Not that I'm paranoid or anything like that, but I think my two dishplayers have been ECM'd. After four years of essentially reliable service, both units bit the dust within just a few days of each other. Too much of a coincidence for them both to die of old age that close together. Here's the story:

I have two 4 year old DPs, both 7200s. About two weeks ago, DP #1 woke up with a bad case of the chits, as follows:

- #1 reset itself and couldn't complete a d/l. It just hung at about 10%. I tried to turn it off with the remote and on the front panel and it wouldn't shut off. Then it started shutting itself down, but came back on, then off, then on and so on. Everthing I tried, smart card, unplug/replug - nothing worked. I could not even turn it off to try a code reset. Finally, after several days and no change, I took it offline.

- #2 I put it in service after about 6 months on the shelf. It came up beautifully, but then it had to get a d/l which I expected. It came back on fine - the s/w version was 122. The second day in service, it got the 123 d/l. A couple more days went by and the s/w stayed at 123 (124 is currently spooling) and everything was still 5/5.

This morning, I left the house for an emergency dental appointment and powered DP #2 down, thinking the 124 d/l might take if the unit was off. When I came home this evening, I turned it back on and it went straight to the "Connecting to WebTV" screen and immediately attempted to dial out to WebTV. Since I no longer have a landline, the call could not be completed and now I'm in a "Try Again" loop. Nothing I have tried has made any difference - smart card, unplug - nothing.

Update: While typing this, I unplugged DP #2 and left it off with no power for several minutes. When I plugged it back in, it powered down and stayed "off" until I turned it on with the remote. It came back on instantly, with full EPG and all other indicators and operations nominal. Recordings still there, timers intact and so forth.

Maybe I overreacted, but DP #1 is still DOA, nonetheless. :shrug:

Any confirmations or suspicions of an ECM against the DP?


----------



## BFG (Jan 23, 2004)

Oh geez, yes and there have already been discusions

here: http://www.dbstalk.com/showthread.php?t=30356

and here: http://www.dbstalk.com/showthread.php?t=30374

goodnight!


----------



## Nick (Apr 23, 2002)

Well, I had read both threads and did not see where an ECM on the DP was confirmed. Since I have a $100/m habit with E*, and my account is always in good standing, why did they zap my box(es)? 
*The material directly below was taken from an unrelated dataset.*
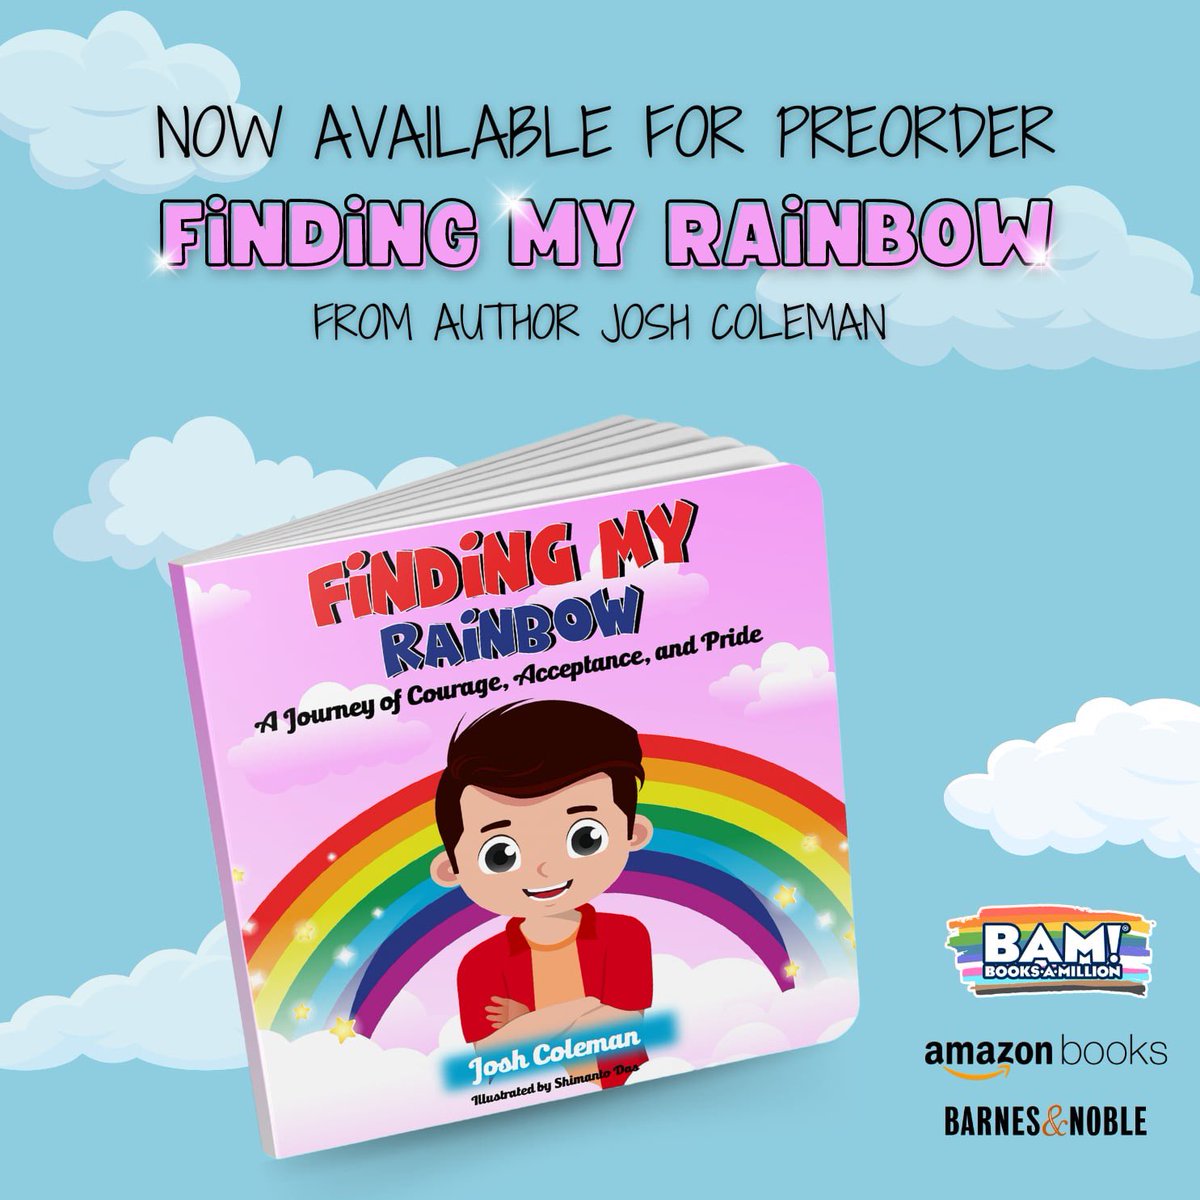 🌟🌈 'Finding My Rainbow' is ready for pre-order! Join my journey of courage, acceptance, and pride in this must-read children's book. A story that celebrates being true to who you are. Pre-order your copy today! 📚💖 colemanjosh.com/findingmyrainb… #FindingMyRainbow #Pride

This is a stupid way to do business.

What are my options to get my box(es) revived??? :whatdidid


----------



## Jacob S (Apr 14, 2002)

Your receivers may have been "zapped" by accident as this does happen to innocent people. I have had people come to me in the past telling me of such occurances (mainly with DirecTv but have heard it happening occassionally with Dish Network). In some cases the refuse to replace receiver stating that they MUST have pirated, customer switches to the other service provider. In other cases they replace the receiver free of charge without any questions knowing what happened.


----------



## Bob Haller (Mar 24, 2002)

Nick said:


> Well, I had read both threads and did not see where an ECM on the DP was confirmed. Since I have a $100/m habit with E*, and my account is always in good standing, why did they zap my box(es)?
> 
> This is a stupid way to do business.
> 
> What are my options to get my box(es) revived??? :whatdidid


Nick YOU? Upset with E???

The ECM reports appear legit, and boxes do get zapped by accident

Remember the time yeatrs ago where a D ECM went bad and somehow deauthorized ALL The D boxes accross the country?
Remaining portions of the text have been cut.